INSTRUCTIONS TO FOLLOW
Repeat the data word for word and skip the pictures.

SUPPLIED INFORMATION

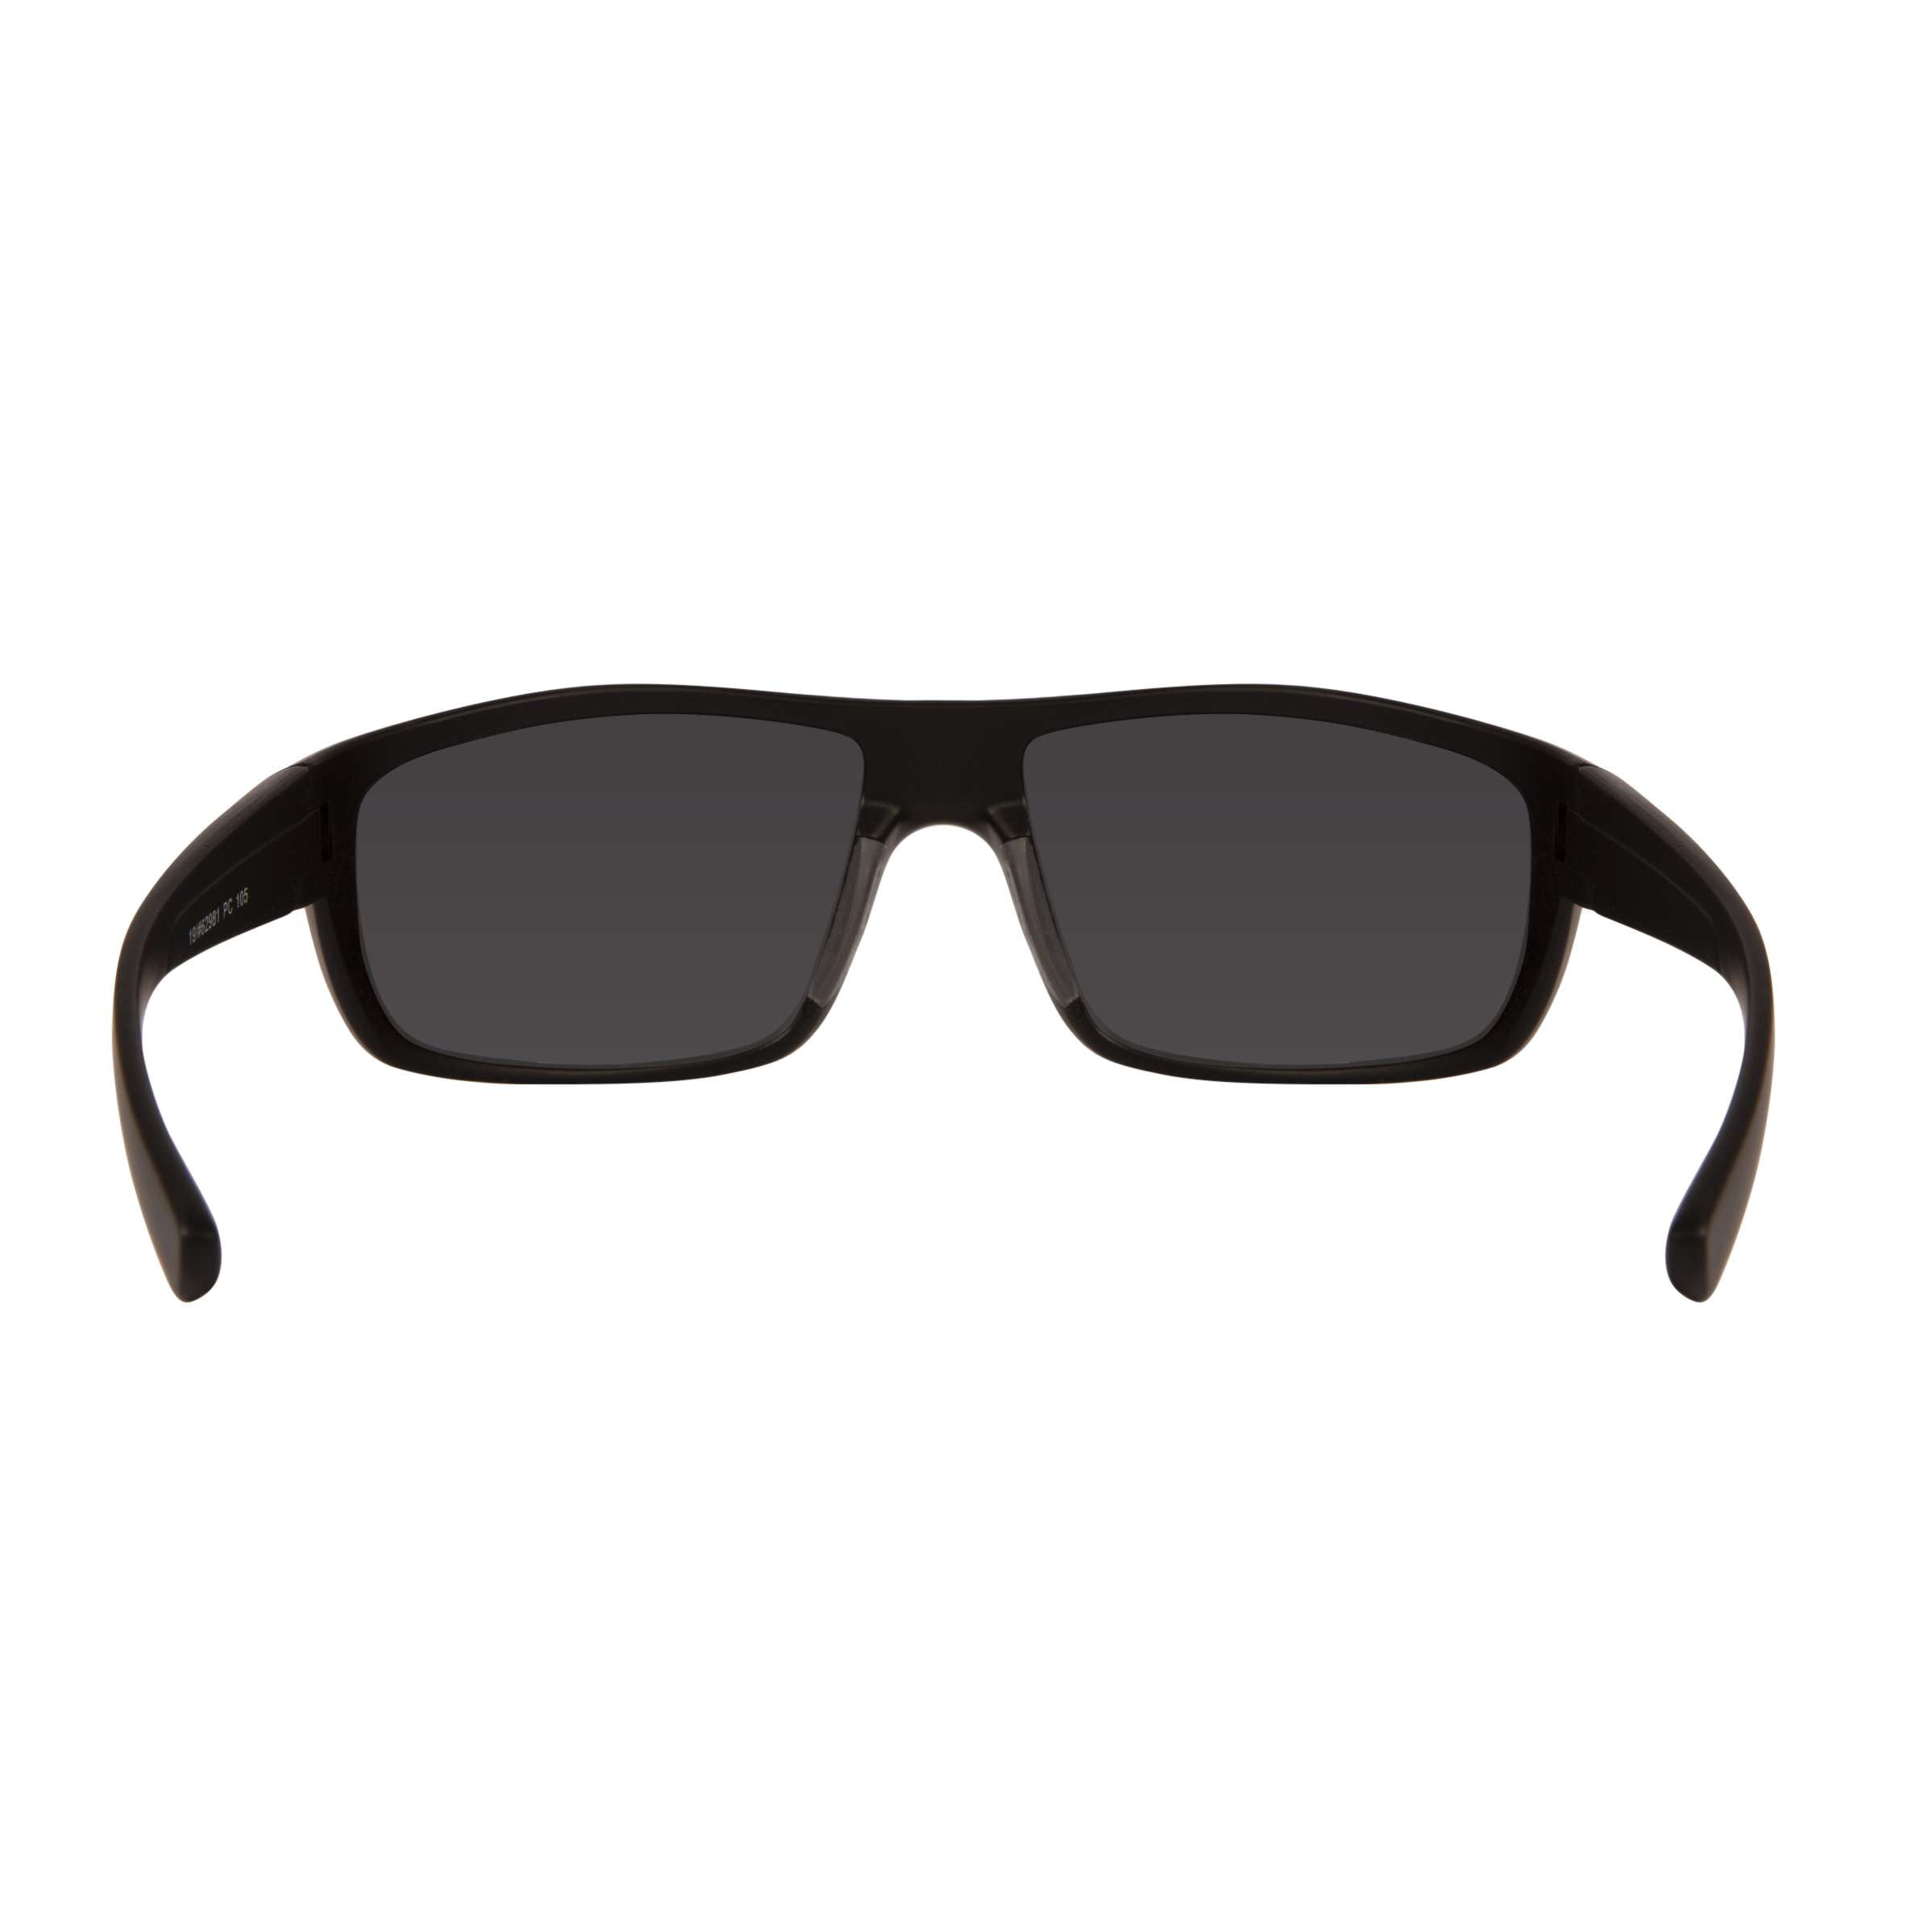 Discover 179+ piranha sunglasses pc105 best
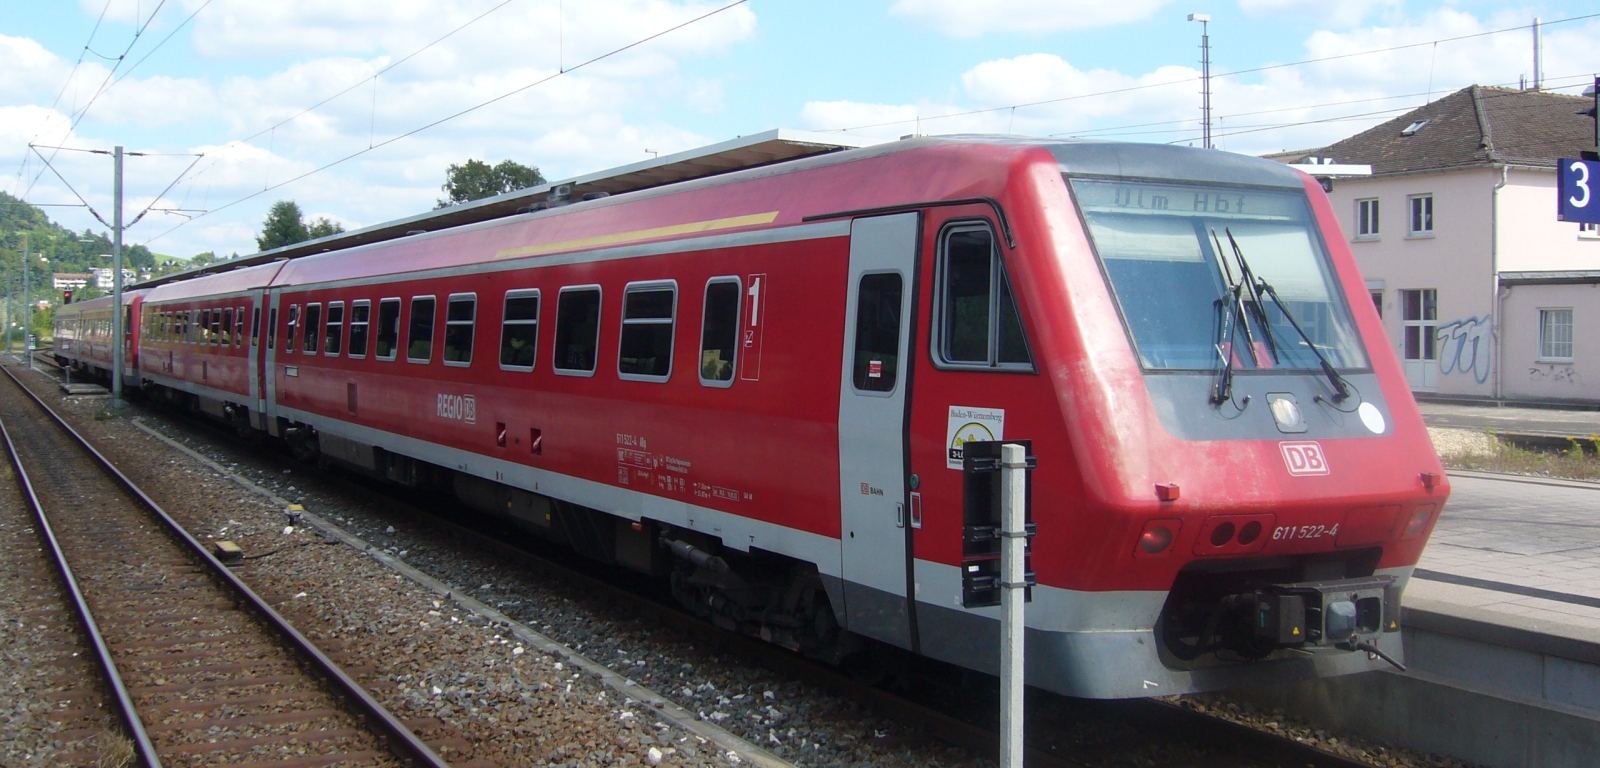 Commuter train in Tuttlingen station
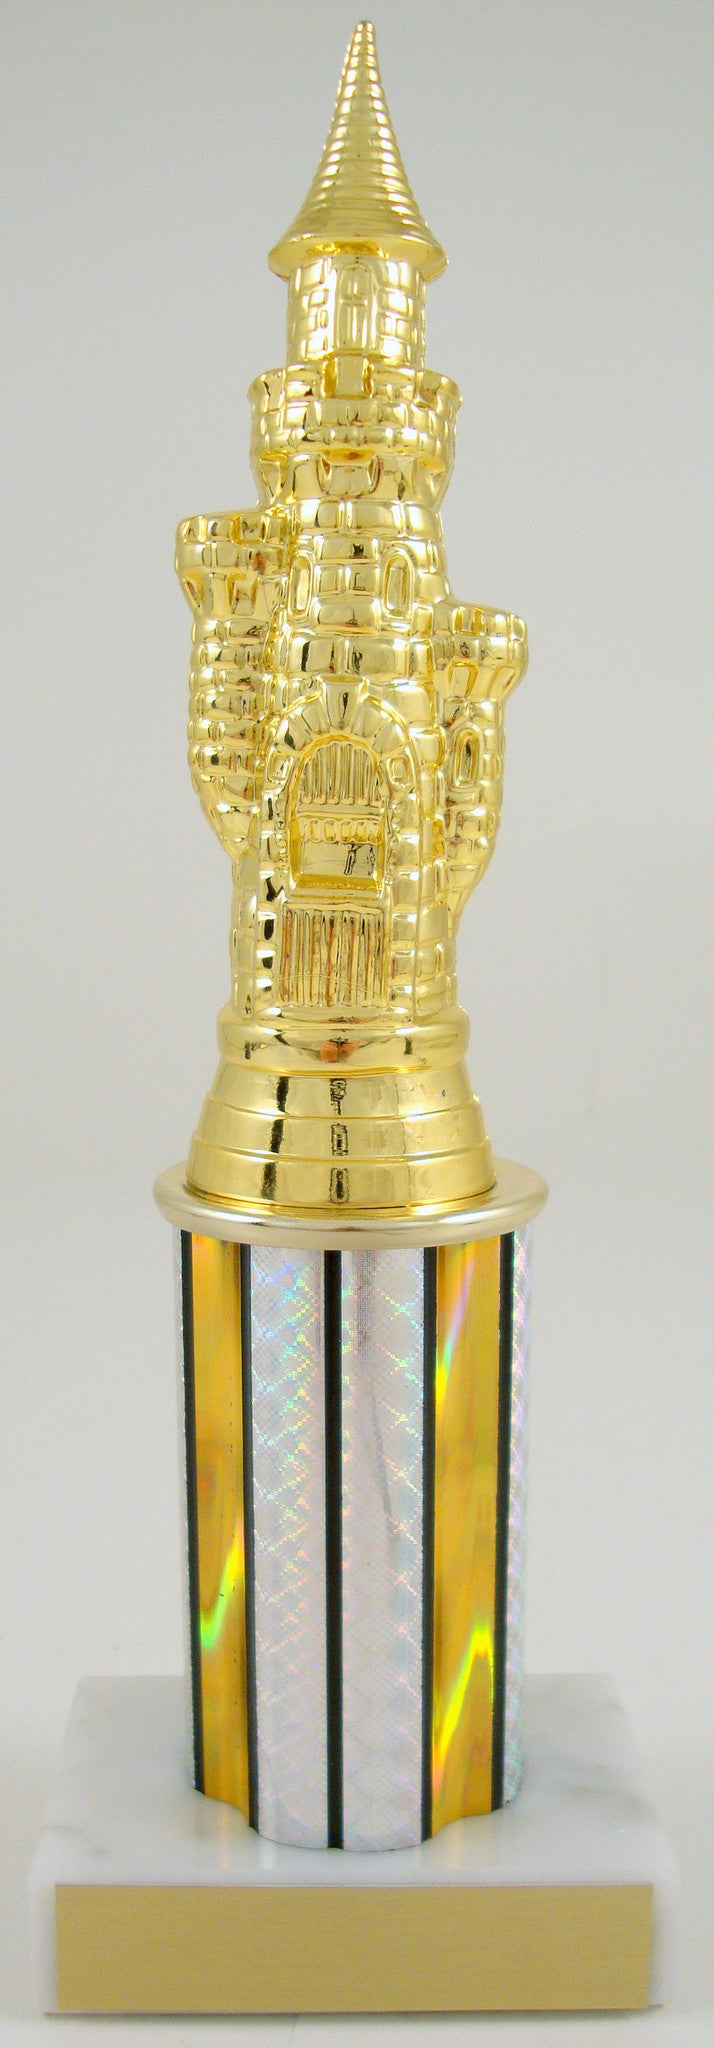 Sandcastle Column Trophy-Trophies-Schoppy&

EXERCISE OUTPUT
 Discover 179+ piranha sunglasses pc105 best
 Commuter train in Tuttlingen station
 Sandcastle Column Trophy-Trophies-Schoppy&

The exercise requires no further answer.